The Earthquake Game: 1989 World Series Game 3 San Francisco vs. Oakland.
I wasn't a baseball fan. I've never been much of a sports guy. I write poetry. I'm an artist. Not that there aren't poets and artists who like sports. Don't get me wrong. There's nothing wrong with liking sports.
I was just hanging in the dorm's lounge, where there happened to be a tv, for some time away from the books. I wanted to be with people, whatever they may be watching.
I was in Oregon at the time, but I had lived in California as a child. I had felt a few minor earthquakes, but never anything like this one. And the thing about this quake is that it wildly stirred up my previously stable sense of being on solid ground. One moment the world was solid, stable, unmovable. And then it was destabilized. A lot.

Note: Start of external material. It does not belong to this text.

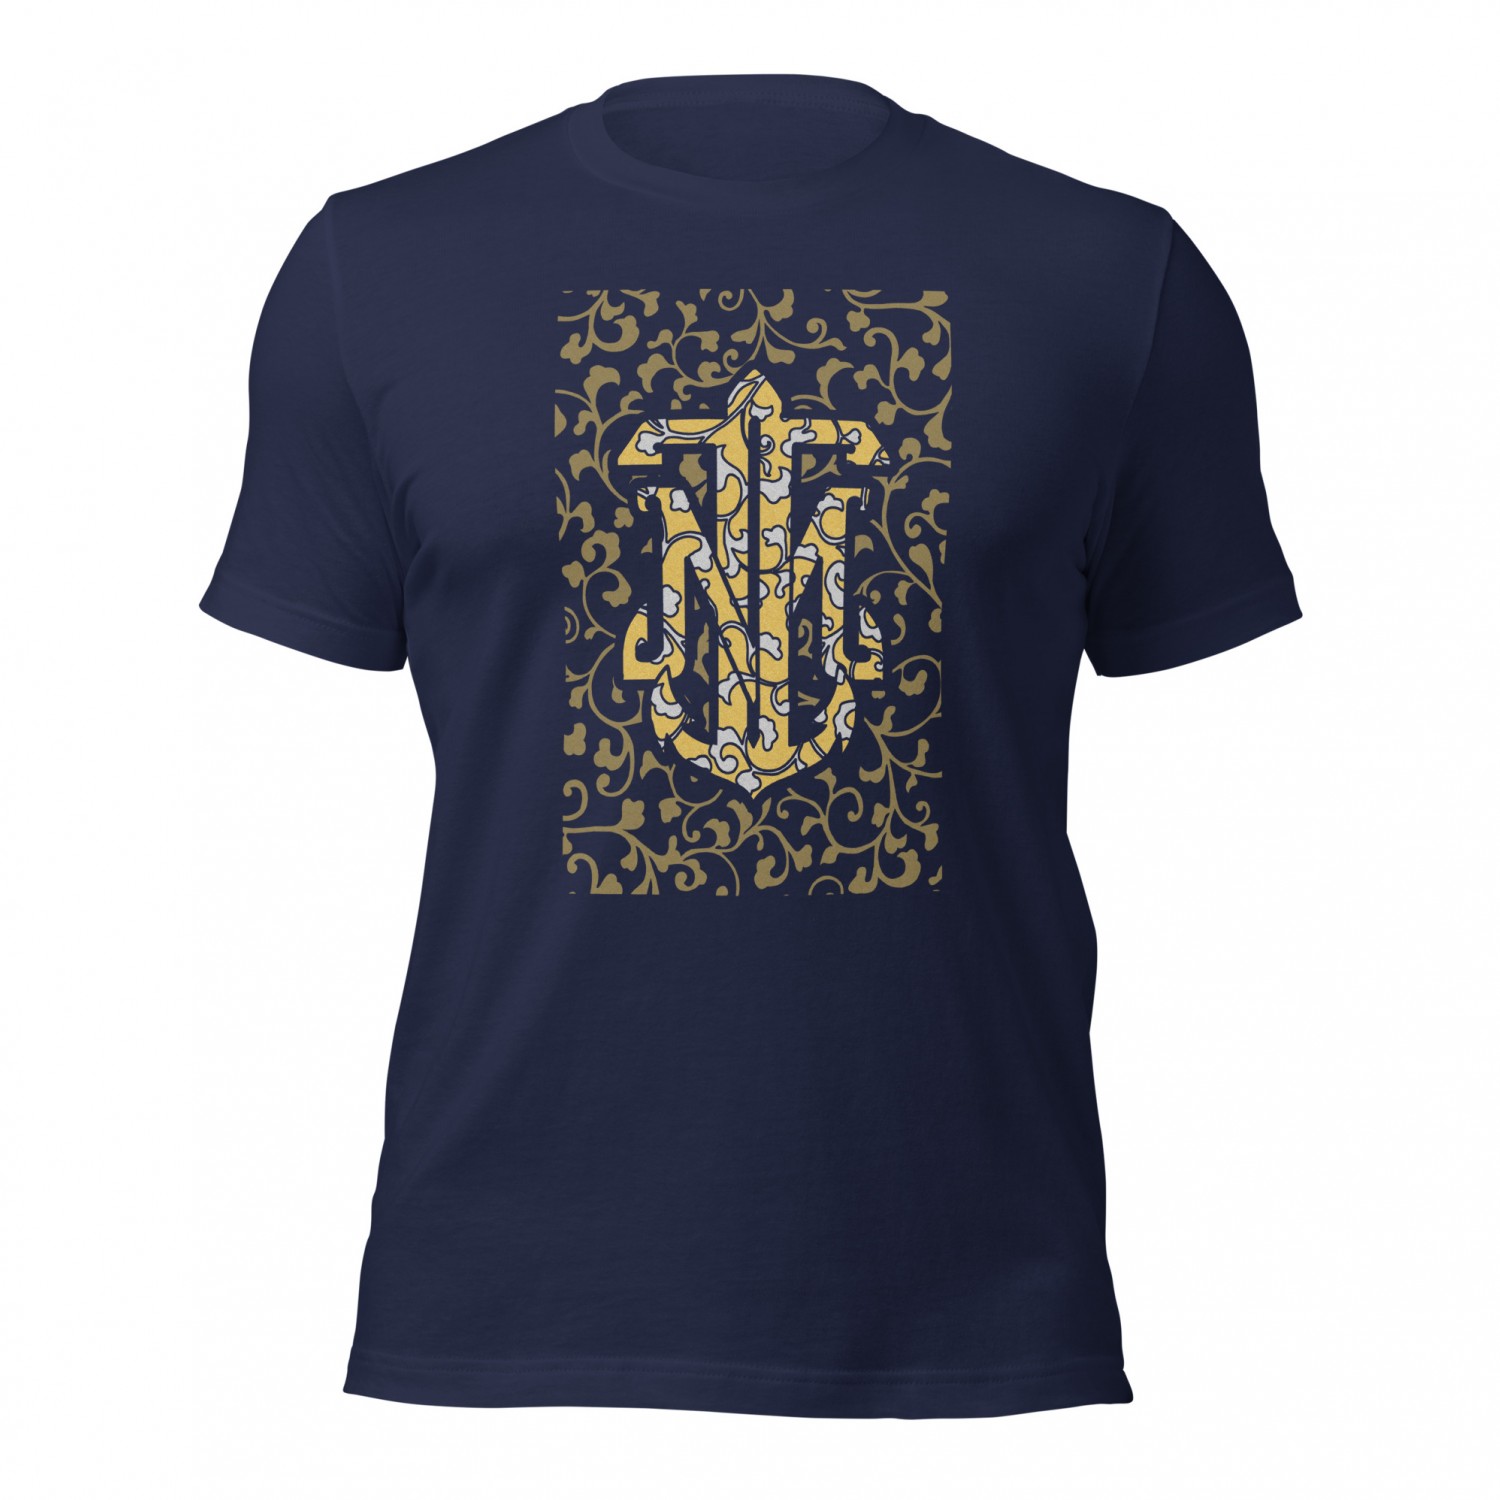 Buy a Veles World T-shirt with an anchor

For a number of weeks after the quake I wore my Levis blue denim jacket indoors and out, warm or cool, it didn't matter. It was the equivalent of a child's blankie. It was sort of like a magical suit of subtle armor which gently held the world still for a moment. I just needed the earth not to quake. I needed that terra cognita. Something, damn it, has to be still and unmoving, lest my compass were to break.
I didn't know about the jacket thing until a friend pointed out that he found it odd that I always had that jacket on. I had hardly noticed. No. I hadn't noticed at all. I think perhaps the jacket represented my stable self. I needed a stable self like I needed air and water.
A culture, like a self, is a journey. It holds together by its stories. Some stories are deeply rooted and deeply rooting, such as the story of gender in relation to biological sex. There have always been earthquakes, tsunamis, floods, fires.... Shipwrecks. And when everything seems to be destabilizing, we all have some need for a denim jacket, a little break from the storm. That's okay. It's natural.
We have left port with regard to gender, and we're not going to be returning to Mayberry. Those days are over. We're giving birth to a new story of gender and sex, and we're doing this together. It's the only way we can.
To the daughter I want to say, as mama does, "Just be ________" (her name). That's all. "Don't worry about it. Forget about labels." But I know she'll have to find a felt essence under all stories of sex and gender -- in feeling. And I know she will need to love this which is her actual being underneath all stories, all maps, all labels.
There is no need for medical intervention, surgeries or hormone replacements.
When I go looking for gender in myself ... it's not there. And this is a comfort to me. I never much liked national borders, or walls.